Michael Moore, the controversial Oscar-winning director of the
gun-control critique Bowling for Columbine and the Bush-bashing
Fahrenheit 9/11, was also at the festival to give audiences a taste
from two works-in-progress: Sicko, which takes aim at the
U.S. health-care system and The Great '04 Slacker Uprising, which
traces his travels during the 2004 presidential election.
Paul Haggis appears in the eTalk eLounge on Saturday.
Canadian-born Paul Haggis, the Oscar-winning writer-director of Crash
who lives in the U.S., told The Canadian Press that the festival
"really opens its arms to all divergent points of view."
"In the States we're marching one way with the government, with a lot
of us marching the other way," said Haggis, who suggested that the
anti-Bush films are indicative of an upsurge of discontent south of
the border.
"Film and television at its best, it's just a hair ahead of what
people are thinking."
Arguably one of the most damning new films was The Prisoner or: How I
Planned to Kill Tony Blair, by Michael Tucker and Petra Epperlein,
which follows the couple's successful 2004 documentary Gunner Palace
with a story of an Abu Ghraib detainee.
Coming full circle
A scene from 'Voyage en Armenie'
By the time I watched my last screening, I had come full circle --
having travelled on both a cinematic journey and a personal one.

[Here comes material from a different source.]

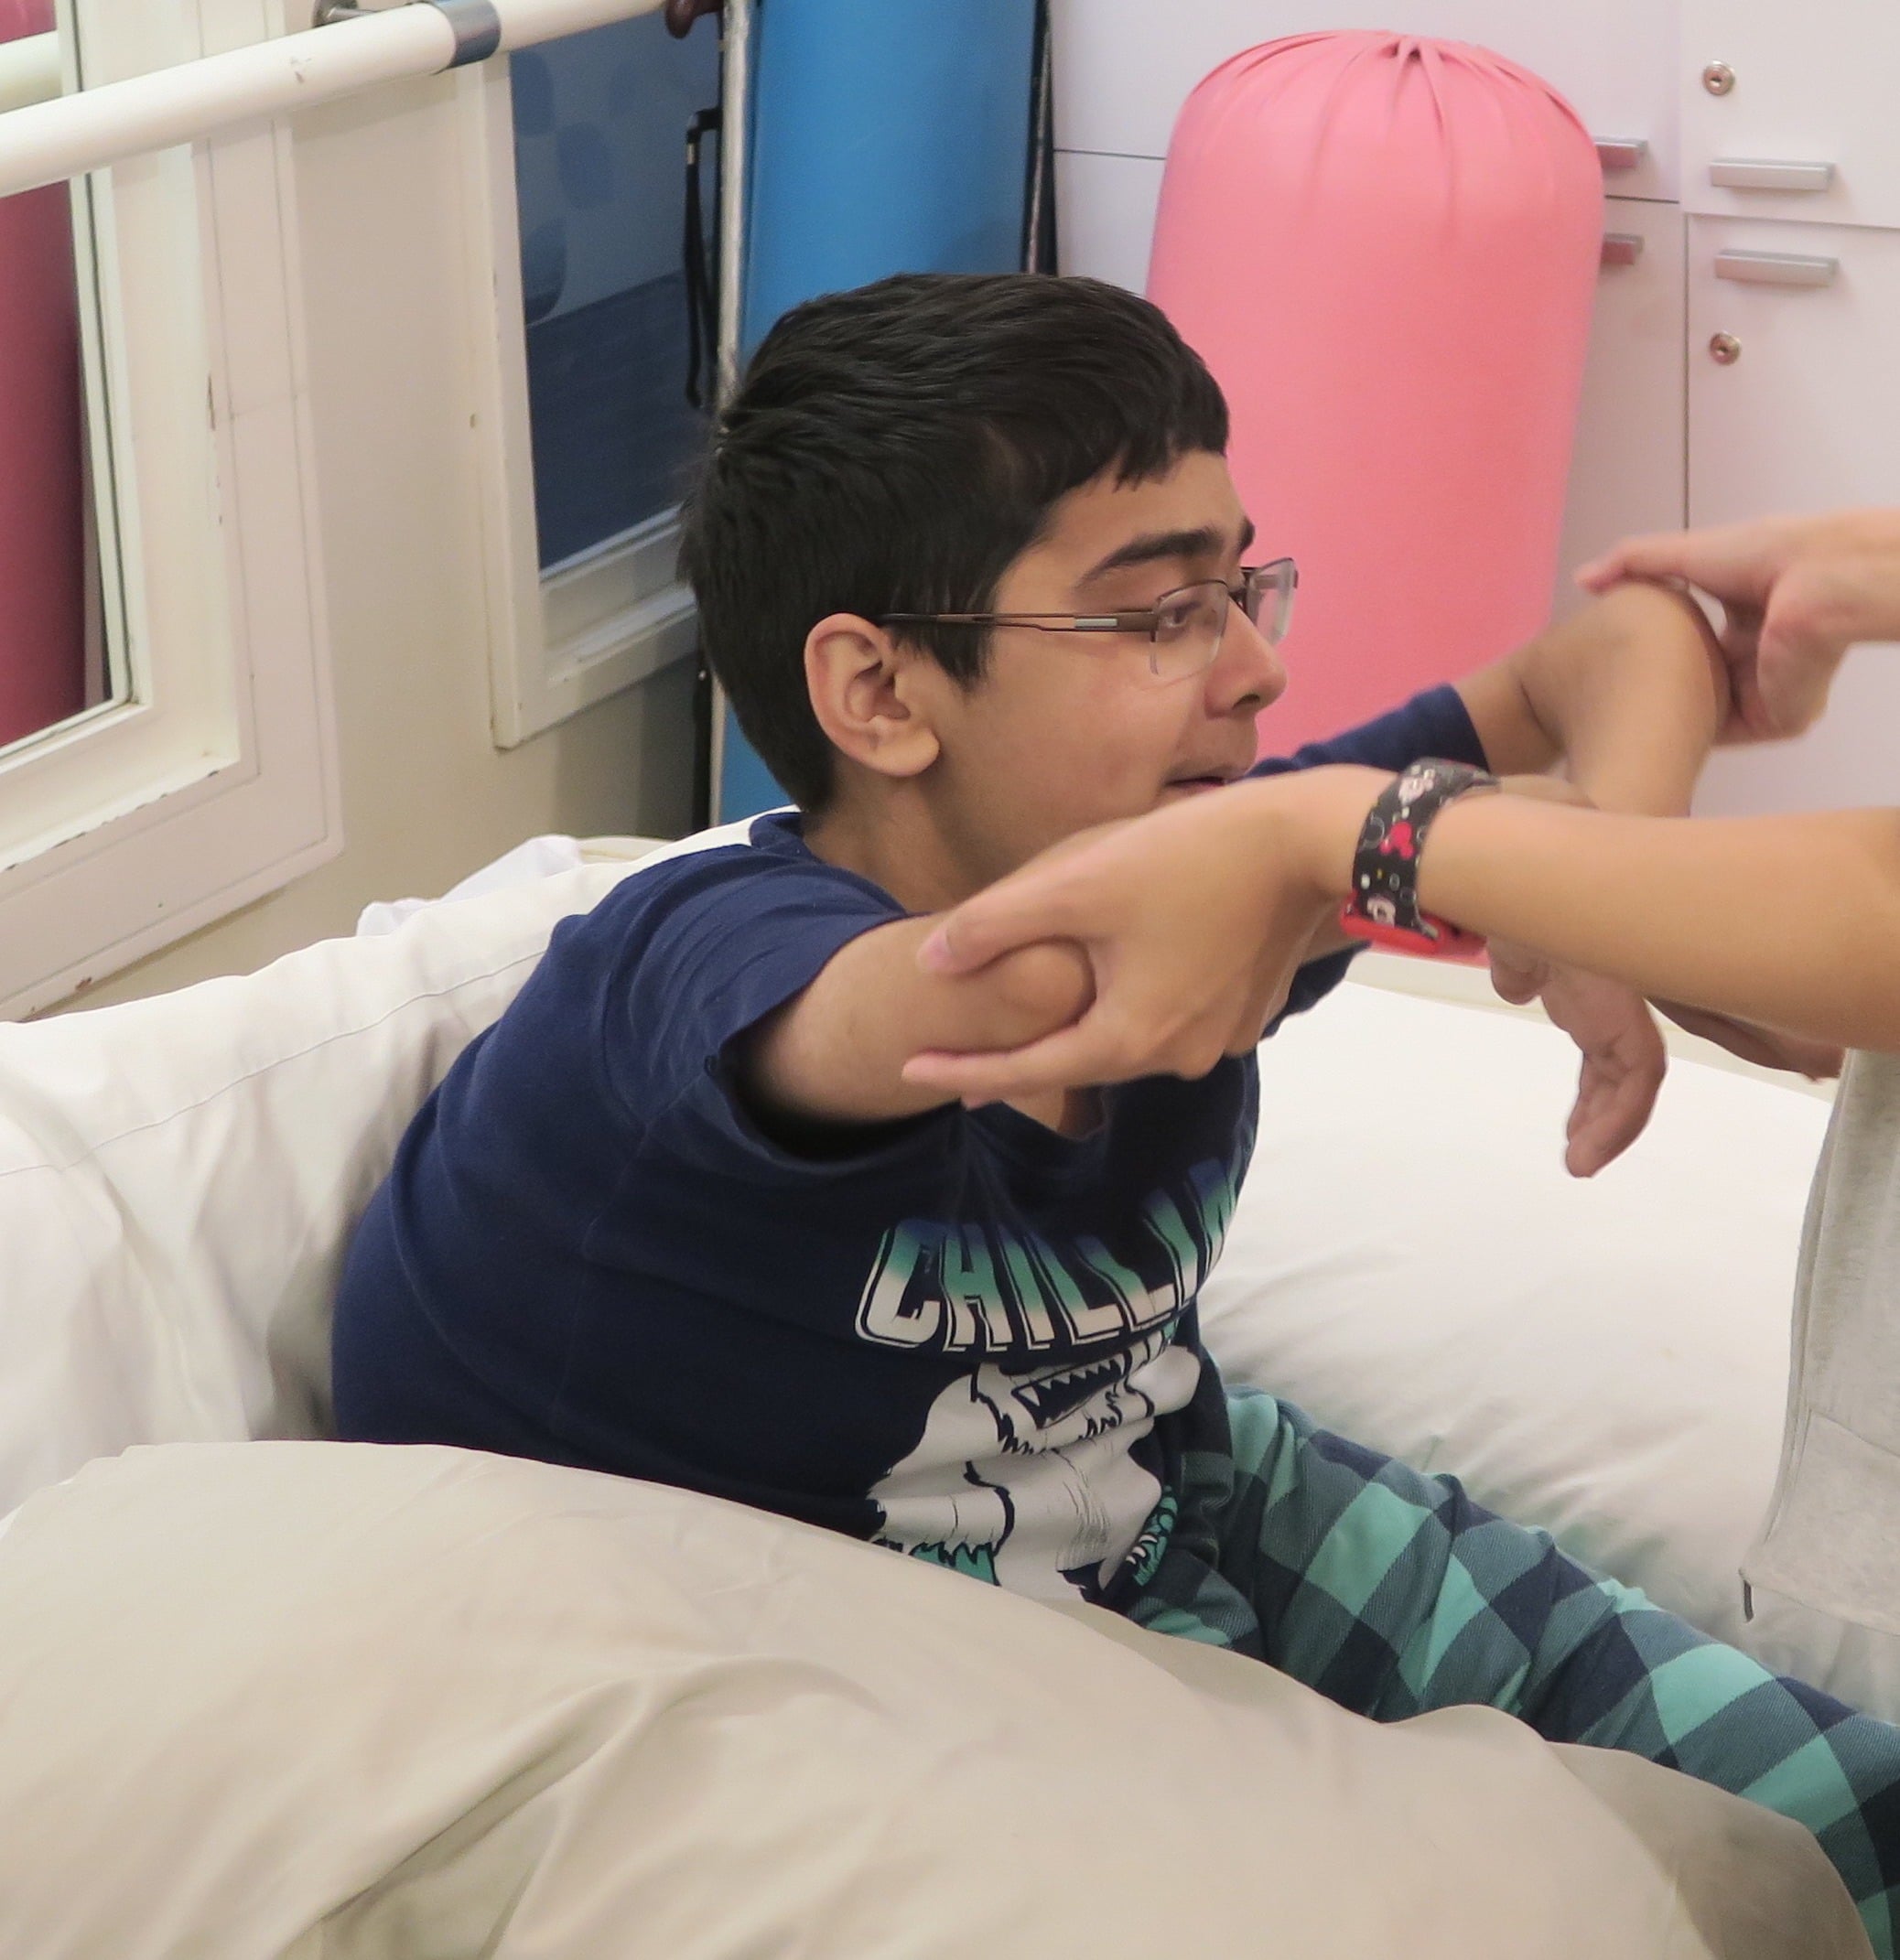 Saif podczas sesji fizjoterapii

Beginning my journey with Borat taking pot shots at former Soviet
nation Kazakhstan, I ended it with a film about the current state of
another former Communist country.
Indeed, as a Canadian of Armenian origin, I had a vested interest in
director Robert Guédiguian's Voyage en Armenie, a film that was
screened as part of the Masters program.
Having returned from my own first voyage to Armenia less than two
months ago, the film conjured memories from my childhood as well as my
recent trip.
The first scene showcased young Armenian dancers practicing to a folk
song at the local community centre in Marseilles, with a requisite
mural of Mount Ararat as the backdrop.
In the same hall sat wizened men playing backgammon, their brows
furrowed, their noses hooked -- a scene that would not be out of order
in any Armenian diasporan community in Syria, Lebanon, Israel, France,
or Bulgaria.
Indeed, the scene could very well have been lifted out of my own
recollection of Armenian-language Saturday school recitals in suburban
Scarborough, where I once performed as part of a dance ensemble.

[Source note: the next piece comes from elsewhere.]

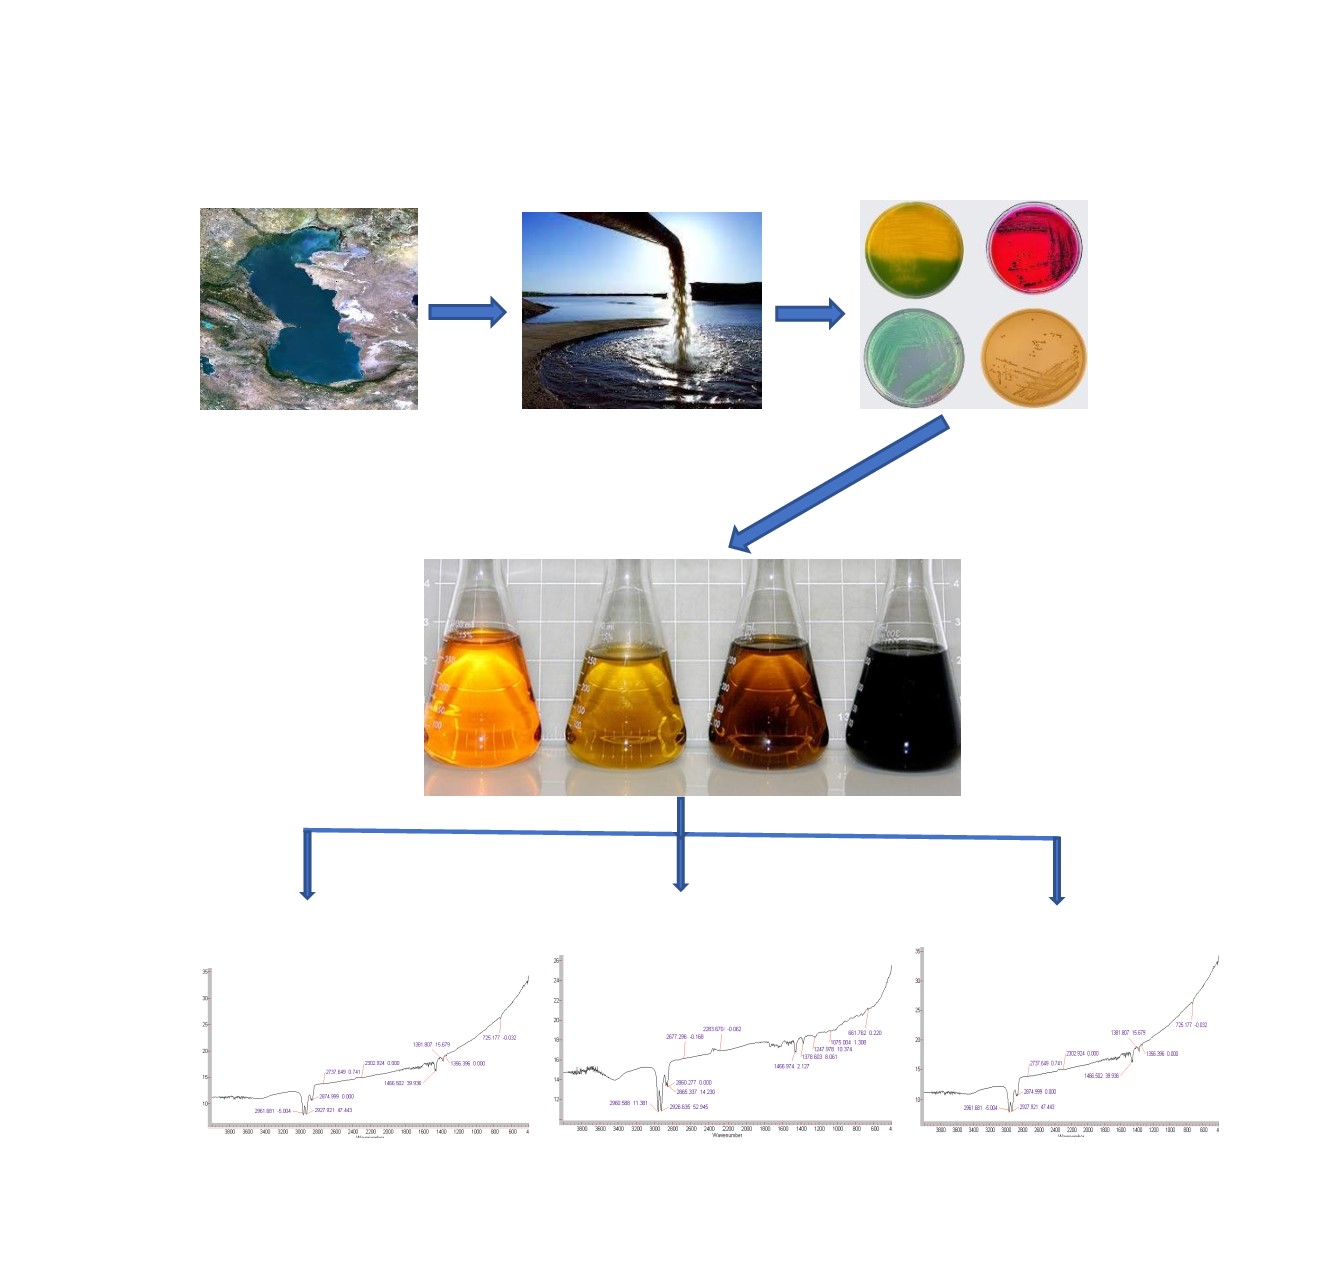 Розкладання нафти і нафтопродуктів мікроорганізмами, виділеними з азербайджанського узбережжя каспійського моря за низьких температур

The film, Voyage en Armenie, tells the tale of a Marseille
cardiologist who has long been at odds with her father.
After she informs the stubborn patriarch that he must undergo an
operation to save his life, he disappears on a trip to Armenia -- a
country he spent a mere three years in decades ago.
Despite her misgivings, Anna sets off in an ill-tempered pursuit to a
country she has no interest in, where she knows nobody, and does not
speak the language.
But through a series of fiery confrontations and uneasy relationships
with the country's inhabitants, Armenia gradually breaks down Anna's
resistance. And soon, she too is proclaiming her shared affinity for
her people.
By the time she made her way up the cobbled steps of an ancient church
overlooking Lake Sevan, following the same path I took a few short
weeks ago, my near-silent sniffles threatened to give way to full-out
sobs.
Angrily, Anna told her companion that she felt wonderful on the cliff
overlooking the lake, but so what of it?
A far cry from the giggles Borat evoked, the film touched a core deep
within me.
Upon exiting the theatre, I realized that a diasporan Armenian's
struggle to pinpoint one's identity is the same be it in Marseille or
Toronto.
"I feel as though I lived here long ago," Anna conceded in the film,
though she had presumably lived in France all her life. The same
sentiments have echoed within me, also.
Indeed, this is what a film festival does best -- and where TIFF
succeeded -- mirror our own trepidations, push us to tears, and
provoke us to reflect on our own walk-on role in the world.
As film critic Marjorie Rosen once wrote in the 1970s, "Does art
reflect life? In movies, yes. Because more than any other art form,
films have been a mirror held up to society's porous face."